The following glossary of terms is adapted from Annex N of the ARM.
Abstract type An abstract type is a tagged type intended for use as an ancestor of other types, but which is not allowed to have objects of its own.
Access type An access type has values that designate aliased objects. Access types correspond to ‘pointer types’ or ‘reference types’ in some other languages.
Aliased An aliased view of an object is one that can be designated by an access value. Objects allocated by allocators are aliased. Objects can also be explicitly declared as aliased with the reserved word aliased. The Access attribute can be used to create an access value designating an aliased object.

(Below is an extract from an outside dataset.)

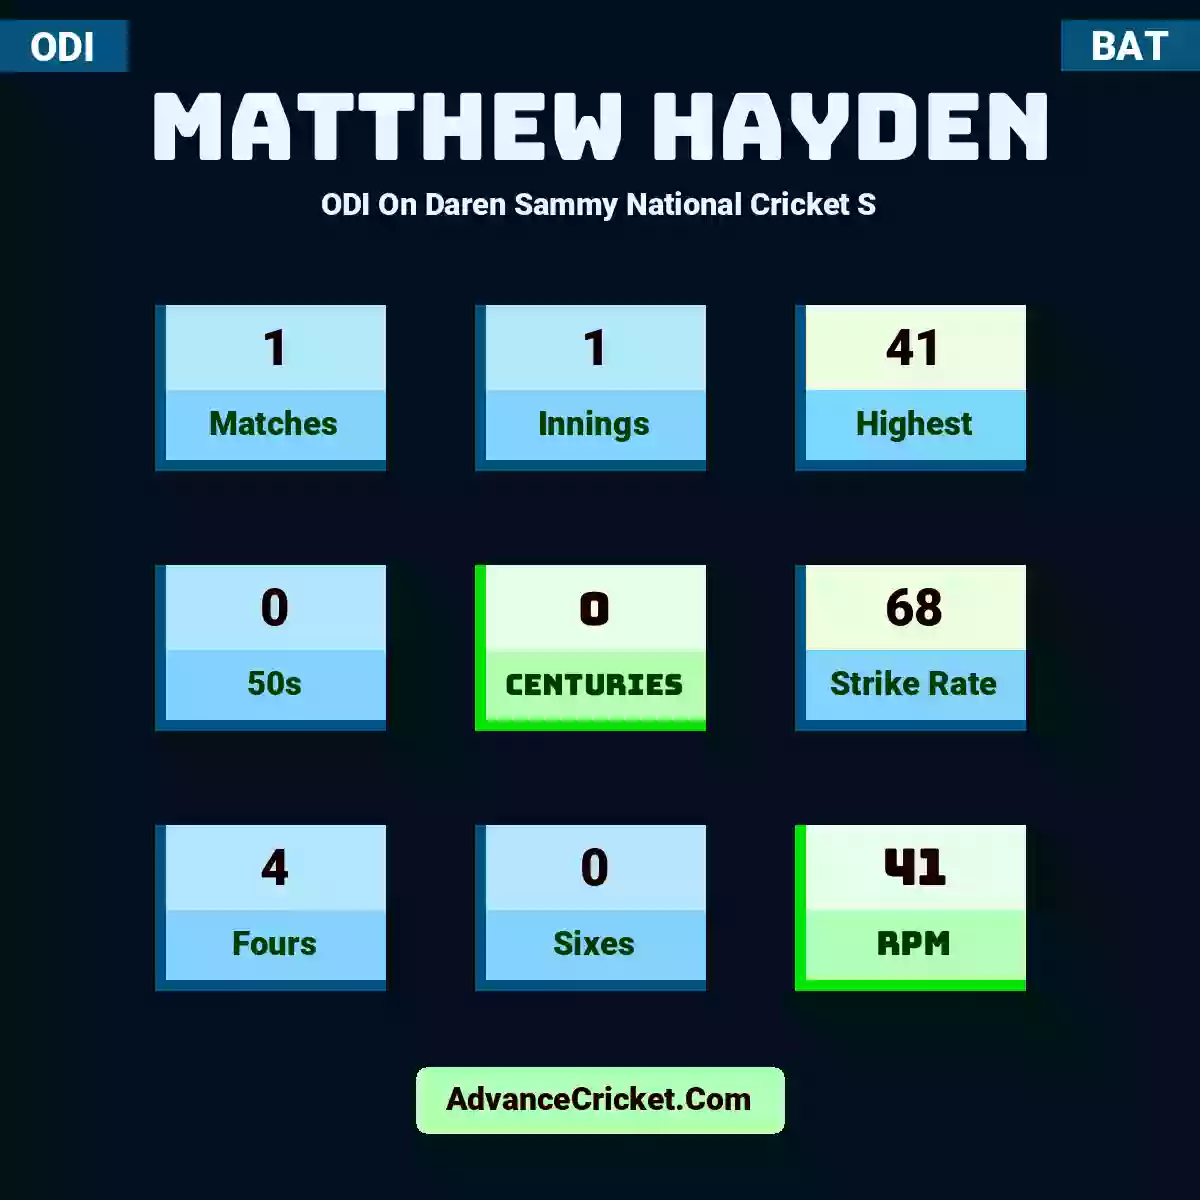 Matthew Hayden ODI  On Daren Sammy National Cricket S, Matthew Hayden played 1 matches, scored 41 runs as highest, 0 half-centuries, and 0 centuries, with a strike rate of 68. M.Hayden hit 4 fours and 0 sixes, with an RPM of 41.

Ancestor An ancestor of a type is the type itself or, in the case of a type derived from other types, its parent type or one of its progenitor types or one of their ancestors. Note that ancestor and descendant are inverse relationships.

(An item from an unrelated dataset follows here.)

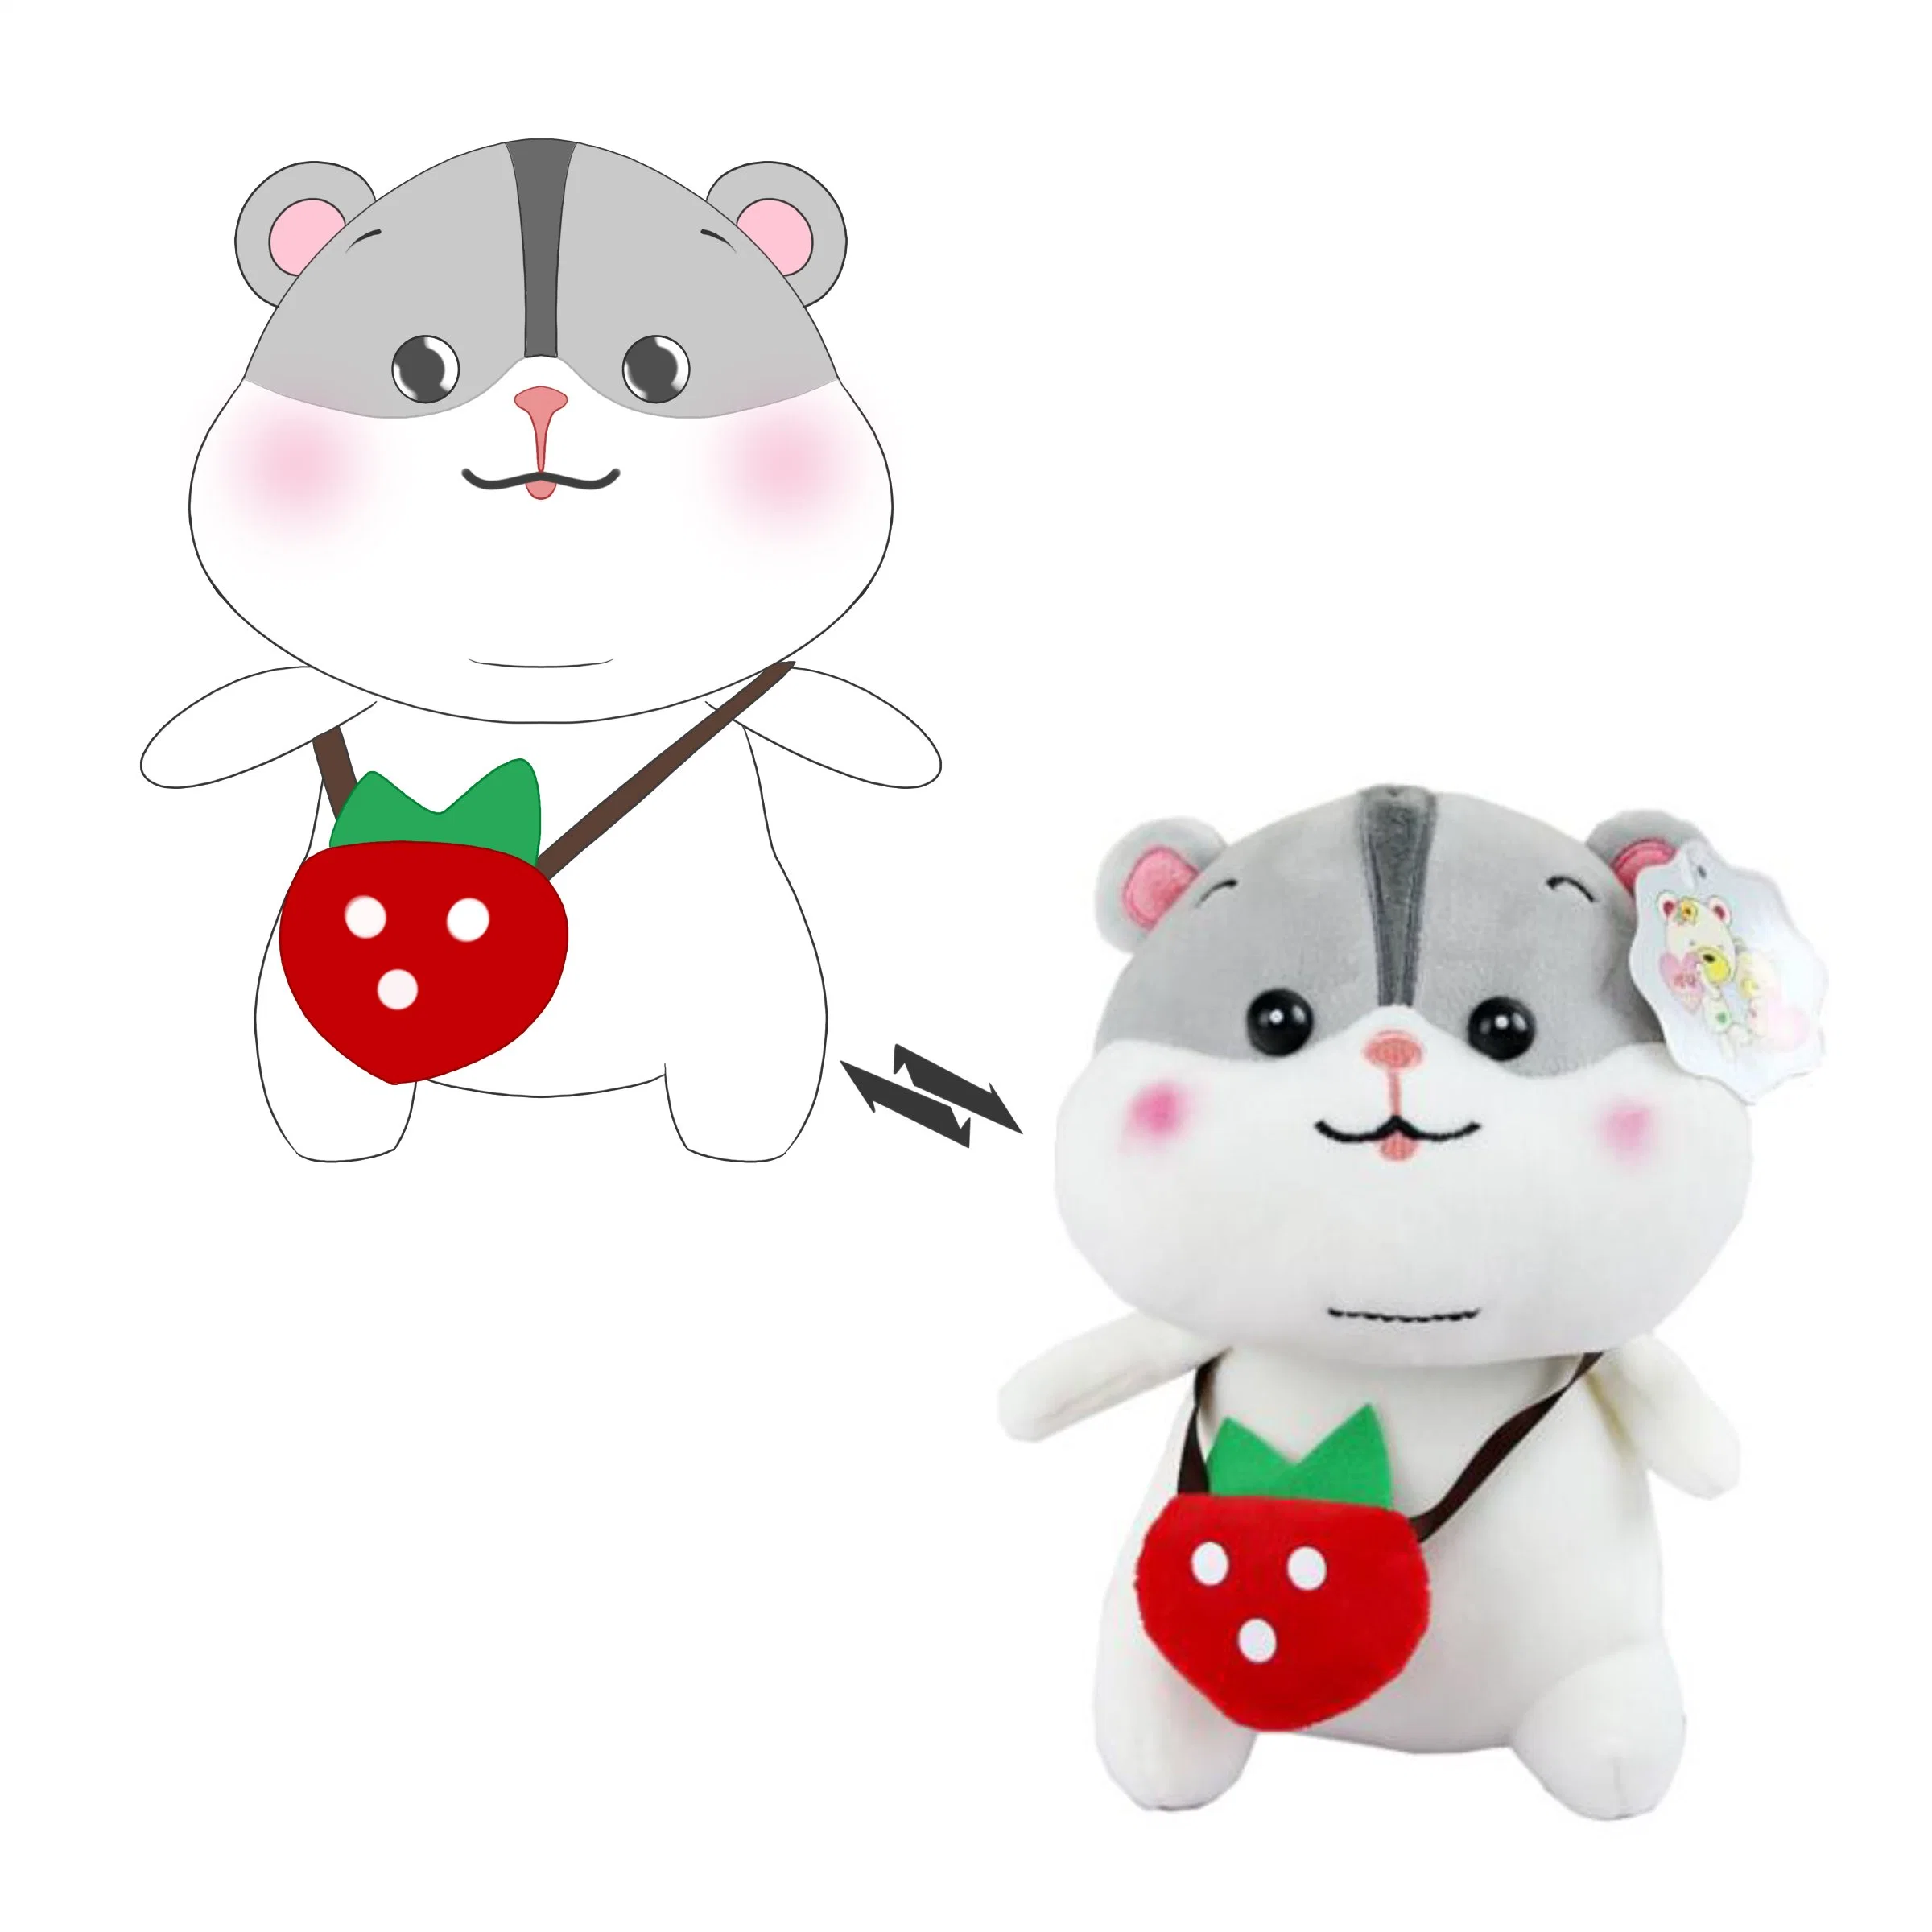 China Factory Custom Plush Toy Stuffed Animal Cute Mascot Promotional Gift

Array type An array type is a composite type whose components are all of the same type. Components are selected by indexing.
Aspect An aspect is a specifiable property of an entity. An aspect may be specified by an aspect specification on the declaration of the entity. Some aspects may be queried via attributes.

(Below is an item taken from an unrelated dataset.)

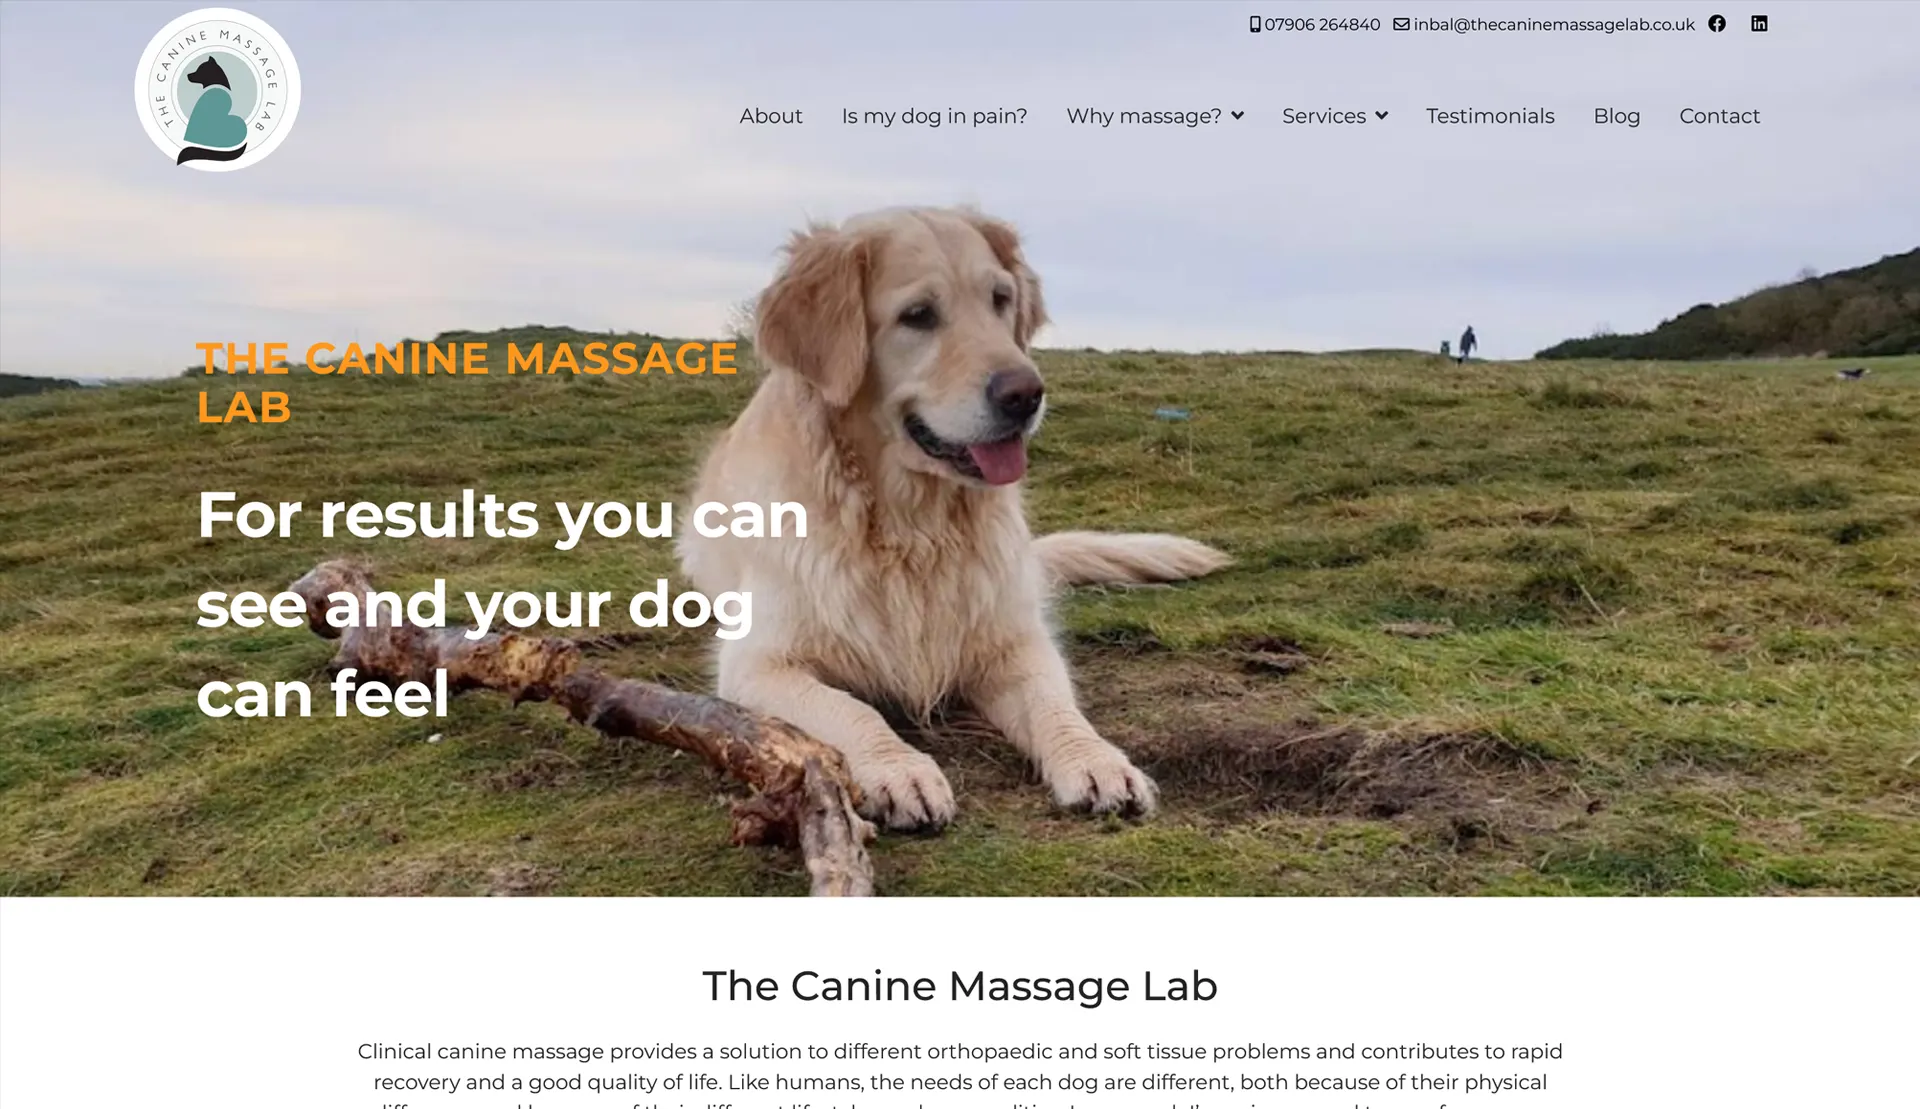 The Canine Massage Lab

Assertion An assertion is a Boolean expression that appears in any of the following: a pragma Assert, a predicate, a precondition, a postcondition, an invariant, a constraint, or a null exclusion. An assertion is expected to be True at run time at certain specified places.
Category (of types) A category of types is a set of types with one or more common properties, such as primitive operations. A category of types that is closed under derivation is also known as a class.
Character type A character type is an enumeration type whose values include characters.
Class (of types) A class of types is a set of types that is closed under derivation, which means that if a given type is in the class, then all types derived from that type are also in the class. The set of types of a class share common properties, such as their primitive operations.
Compilation unit The text of a program can be submitted to the compiler in one or more compilations.